■ **What this task involves**
Look through the data below for the line with "New Custom Built", and transcribe it exactly together with each line after it up to and including the line with "T2 Tea Mini Fruits by Christopher Stanko". Give nothing else.

■ **Provided entries**

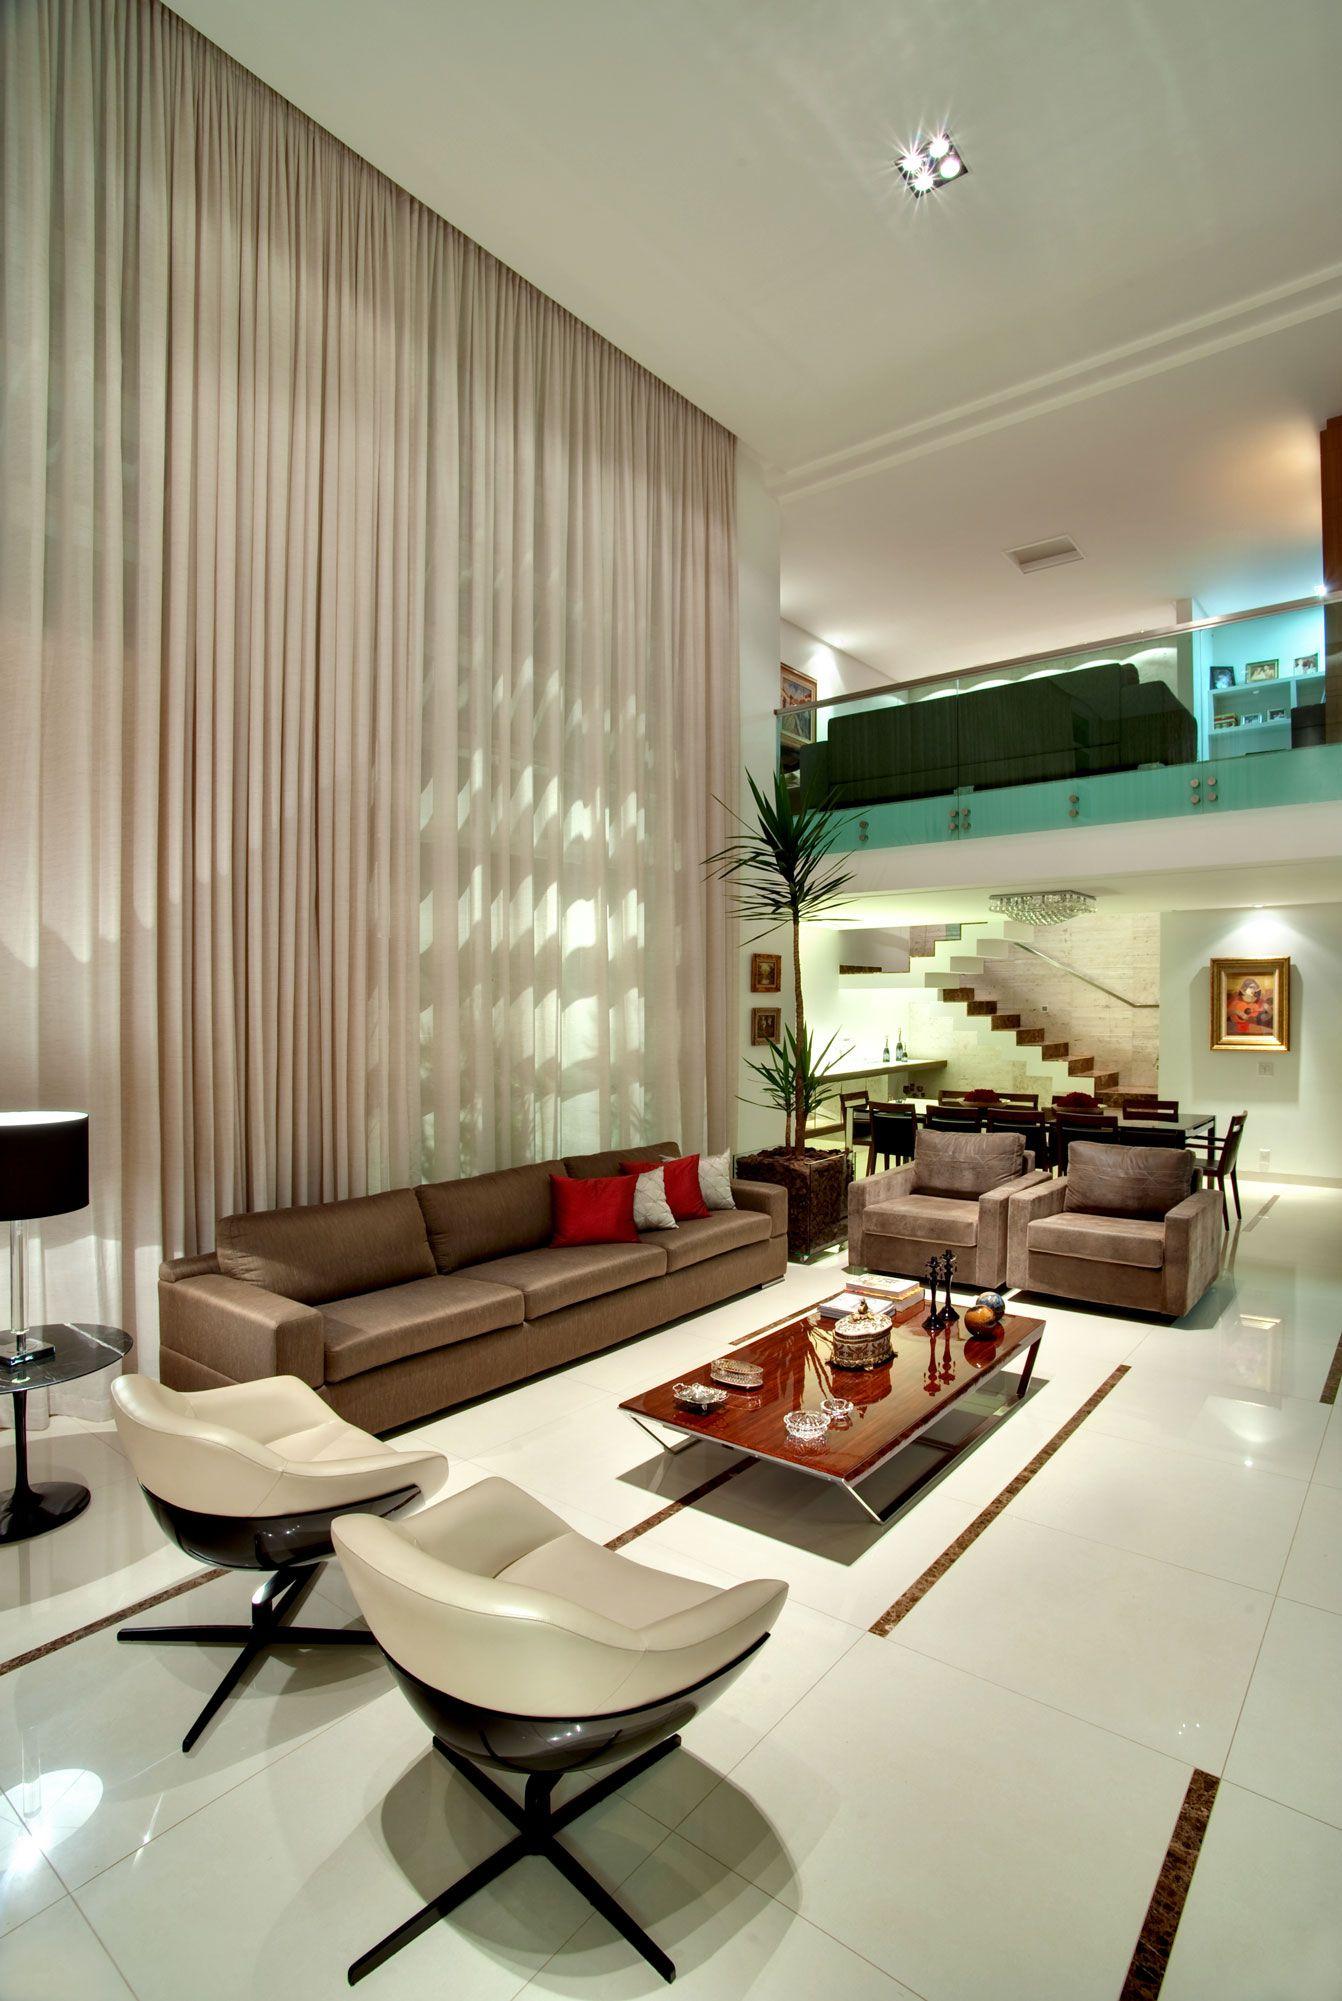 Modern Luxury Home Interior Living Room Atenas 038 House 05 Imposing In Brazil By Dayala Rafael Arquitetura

--

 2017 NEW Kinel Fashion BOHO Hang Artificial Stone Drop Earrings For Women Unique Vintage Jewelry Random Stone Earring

--

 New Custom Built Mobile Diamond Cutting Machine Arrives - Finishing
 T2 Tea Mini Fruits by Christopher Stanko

■ **Solution**
 New Custom Built Mobile Diamond Cutting Machine Arrives - Finishing
 T2 Tea Mini Fruits by Christopher Stanko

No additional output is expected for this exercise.